What to do:
The required answer is an exact copy of the lines from the one containing "Brawl Stars Beginner" to the end of the listing, both included, without any pictures.

Information provided:
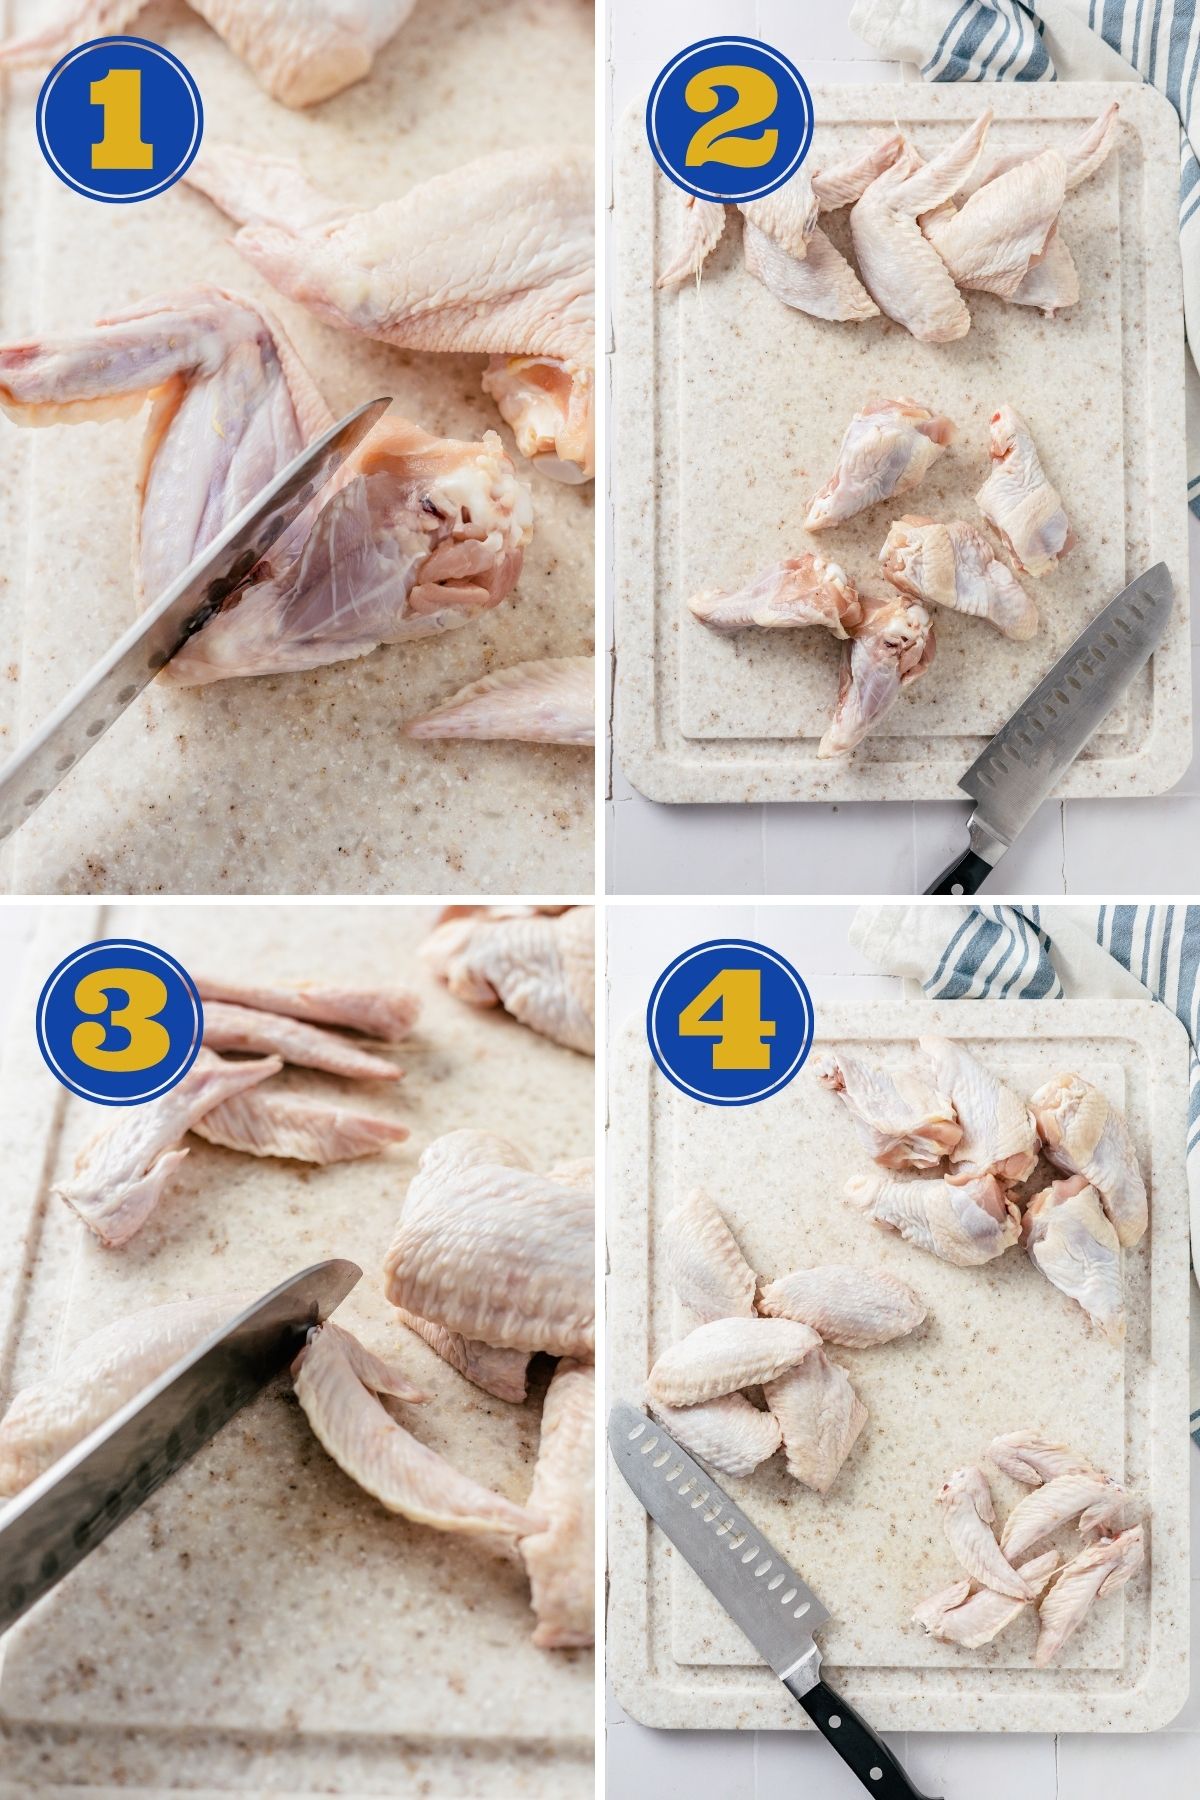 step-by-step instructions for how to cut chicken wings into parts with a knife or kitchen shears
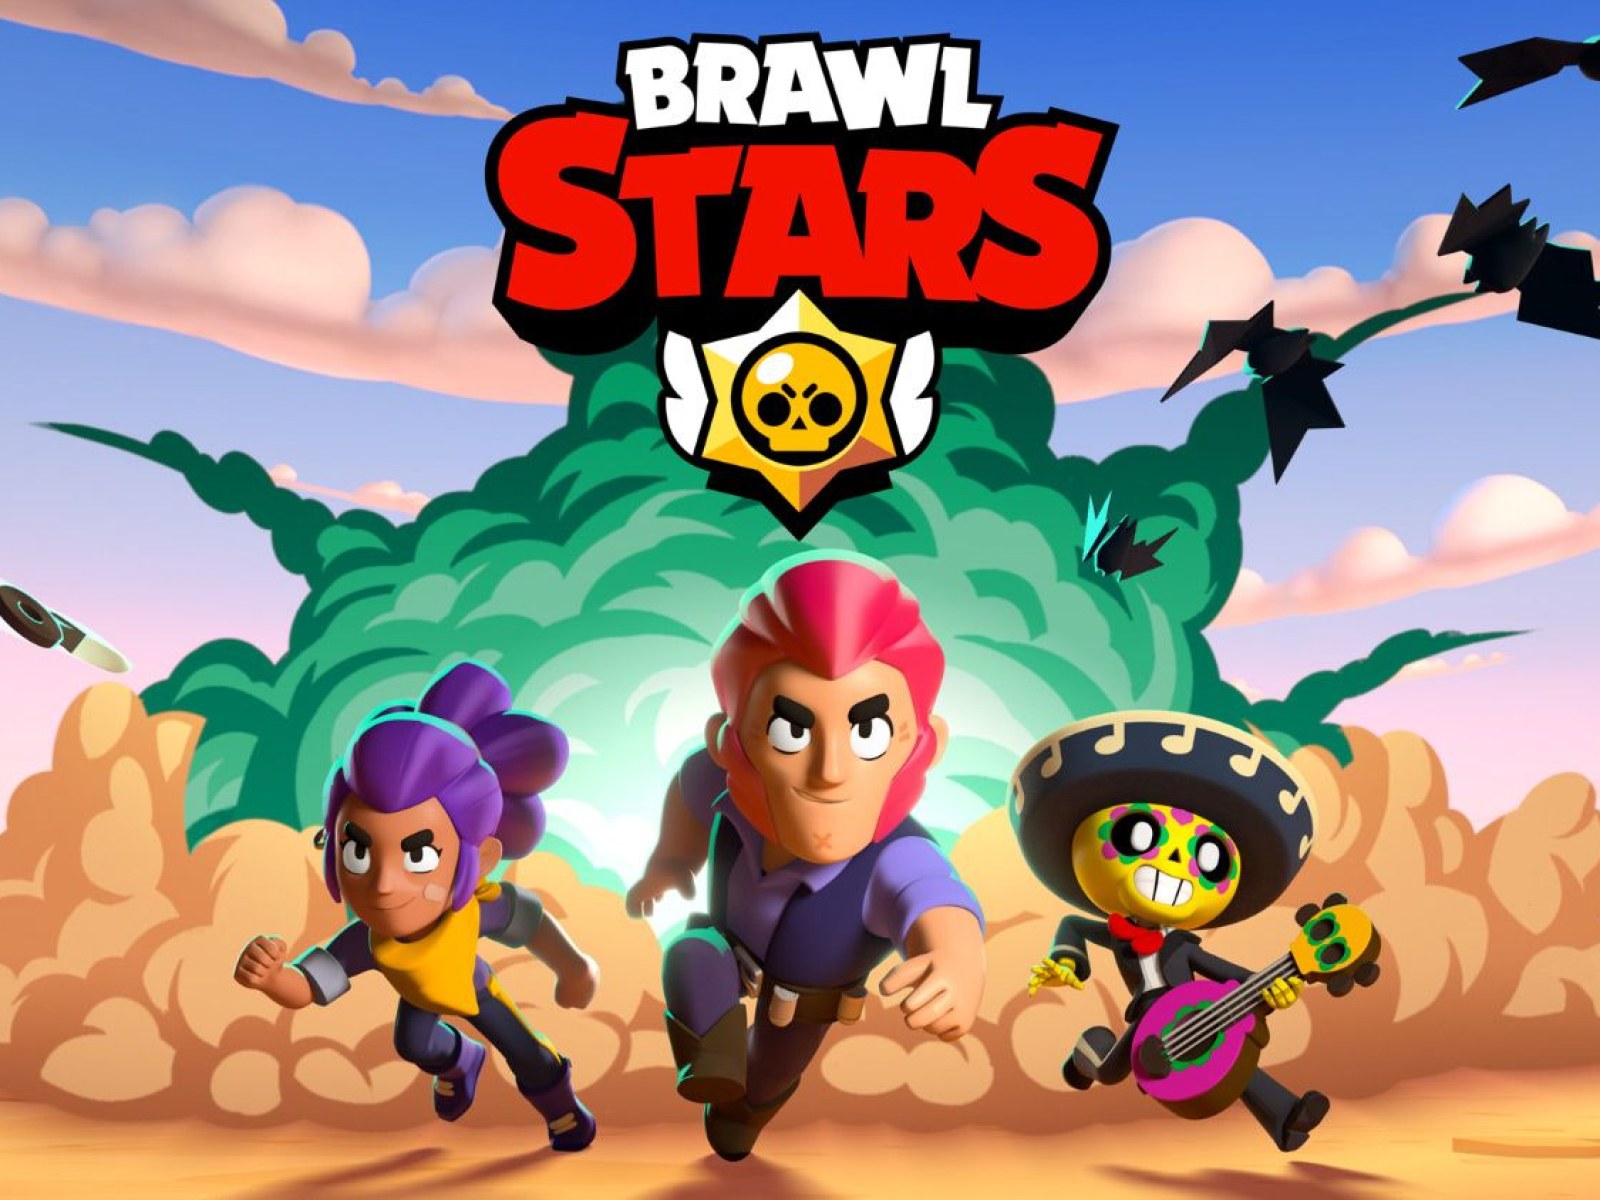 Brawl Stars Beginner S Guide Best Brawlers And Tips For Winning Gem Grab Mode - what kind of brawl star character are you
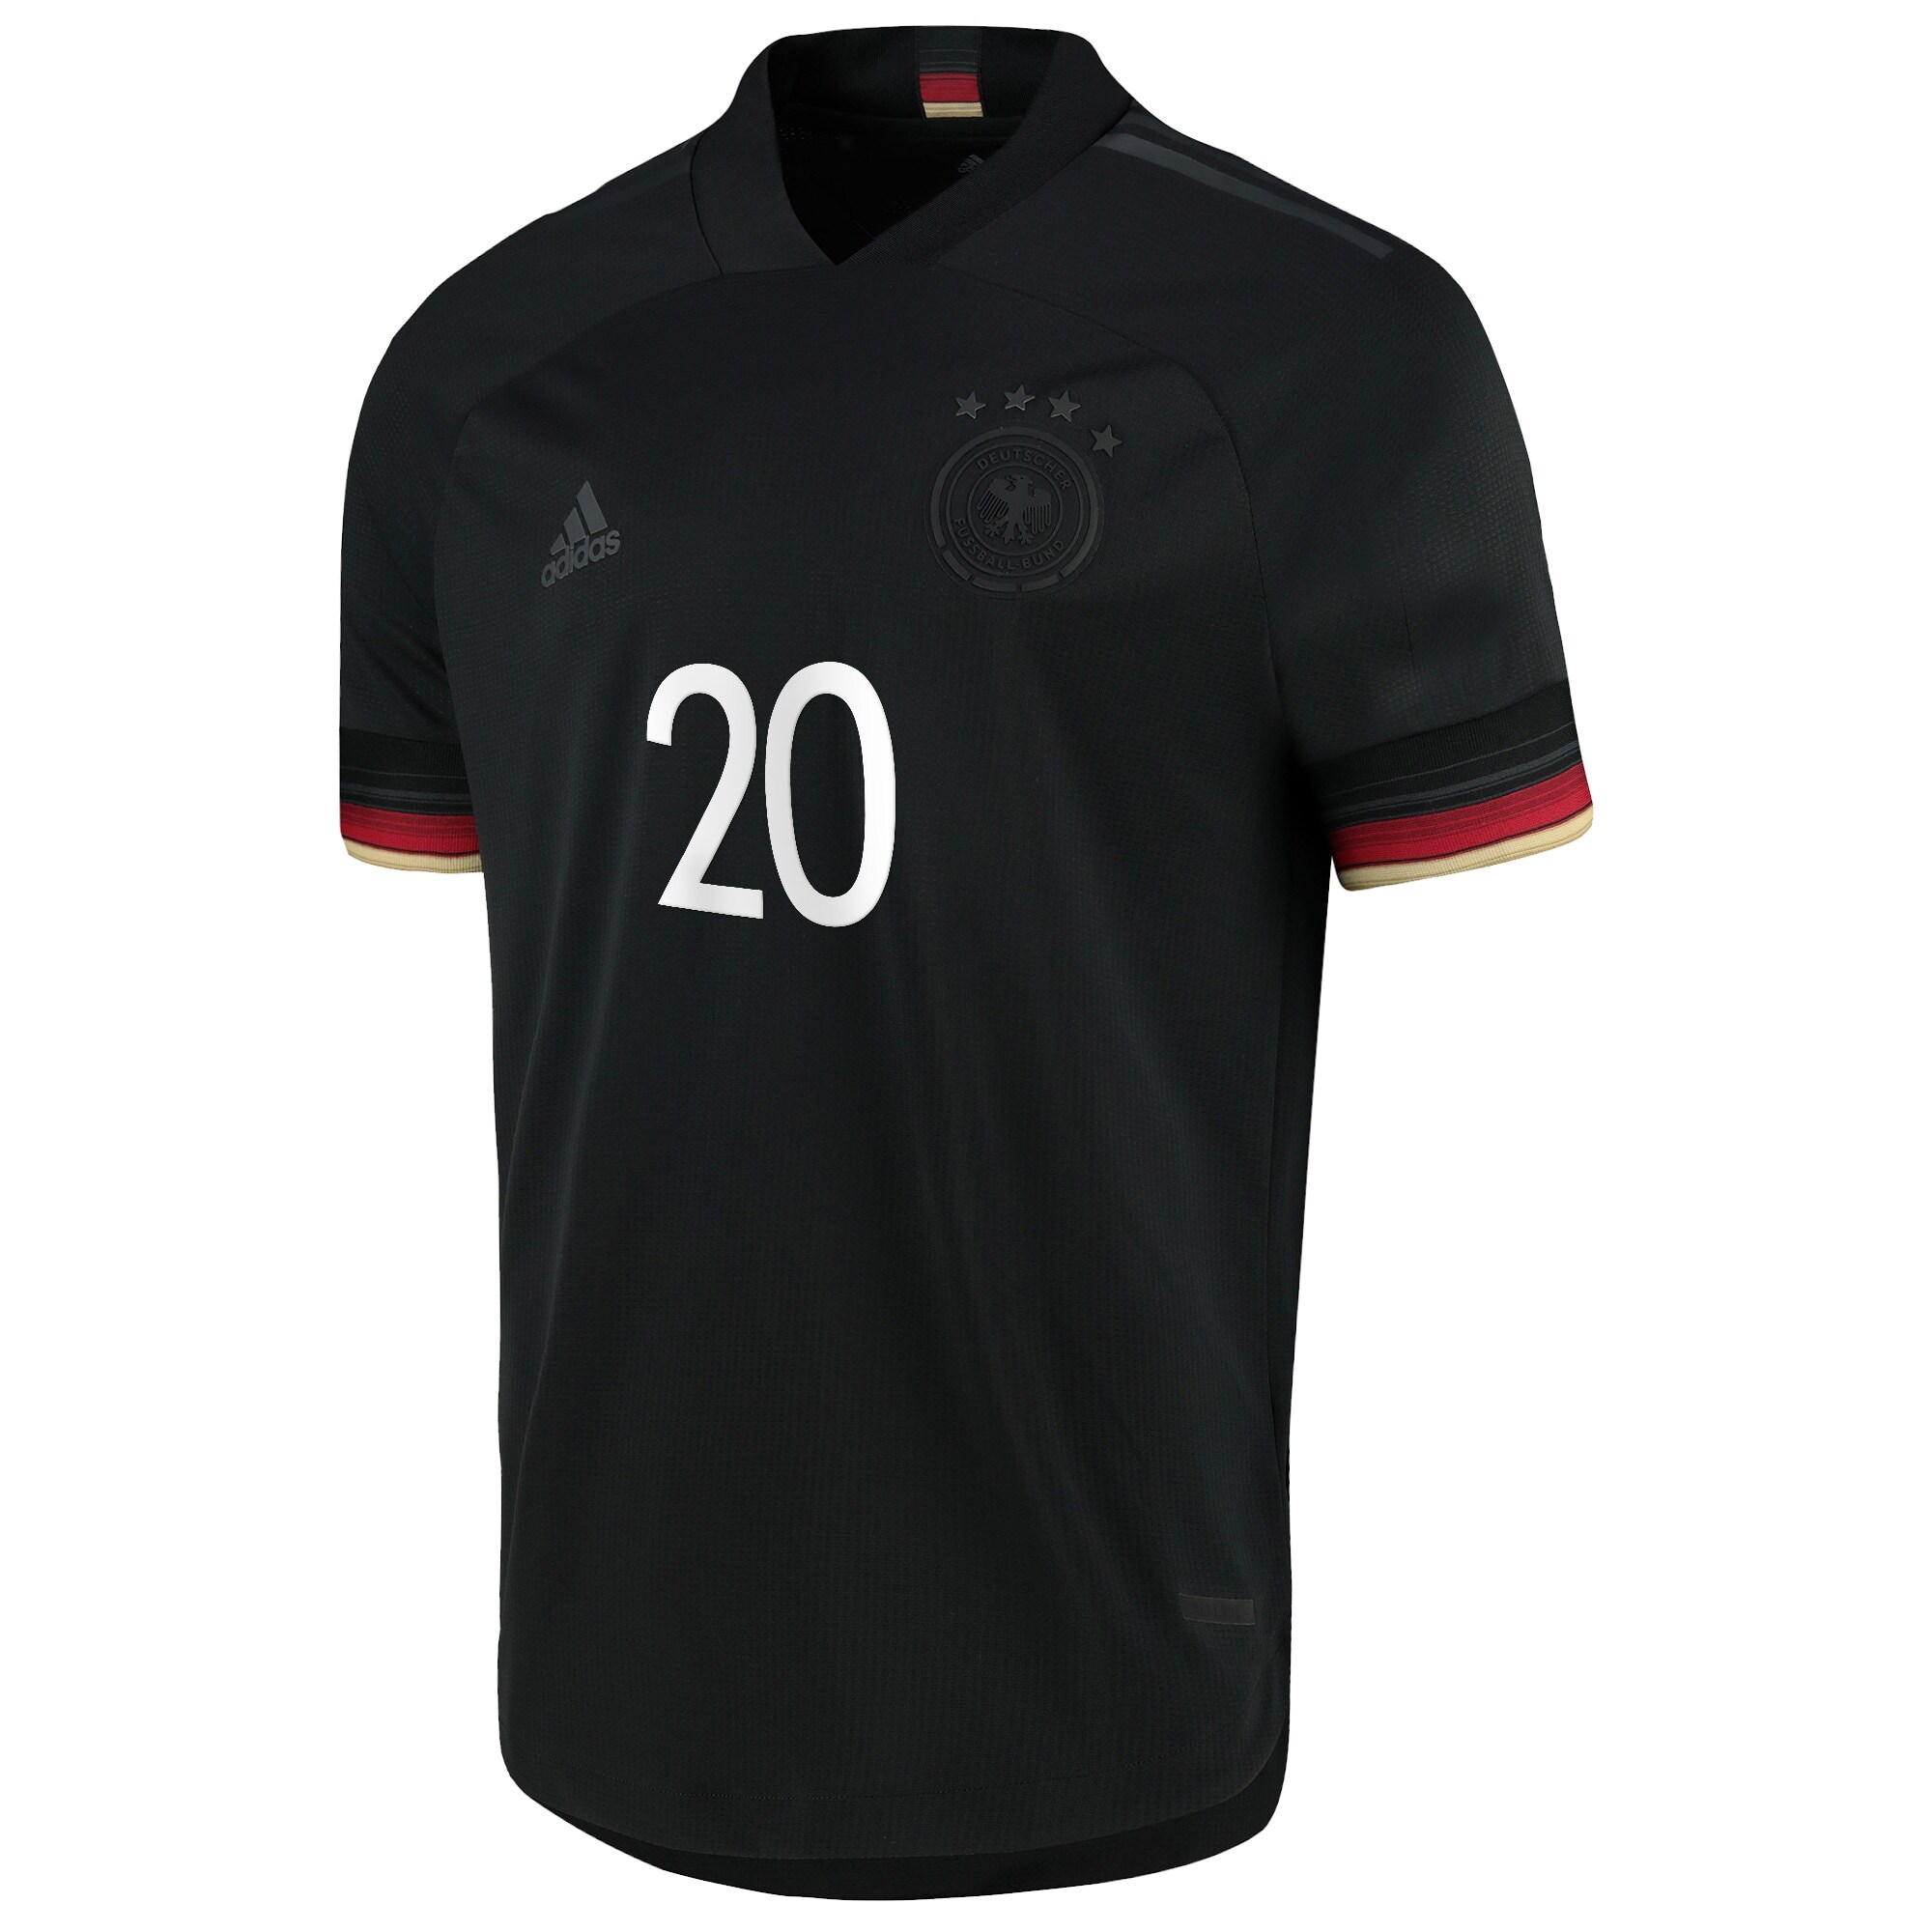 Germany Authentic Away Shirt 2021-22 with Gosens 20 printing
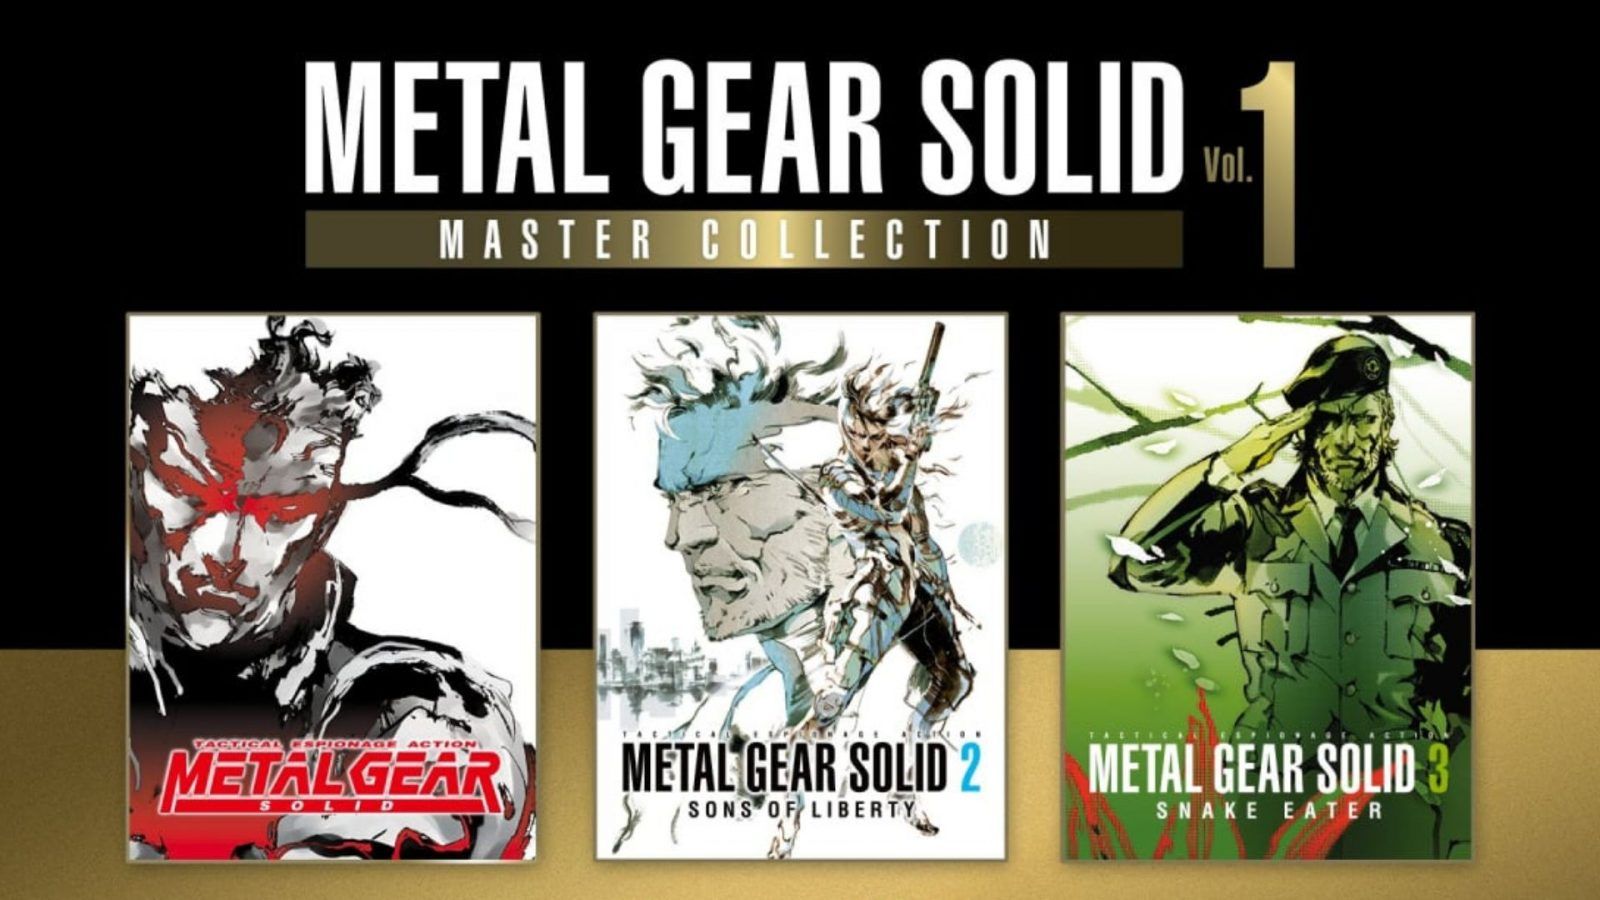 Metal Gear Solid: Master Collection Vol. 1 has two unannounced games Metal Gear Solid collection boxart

Exercise solution:
 Brawl Stars Beginner S Guide Best Brawlers And Tips For Winning Gem Grab Mode - what kind of brawl star character are you
 Germany Authentic Away Shirt 2021-22 with Gosens 20 printing
 Metal Gear Solid: Master Collection Vol. 1 has two unannounced games Metal Gear Solid collection boxart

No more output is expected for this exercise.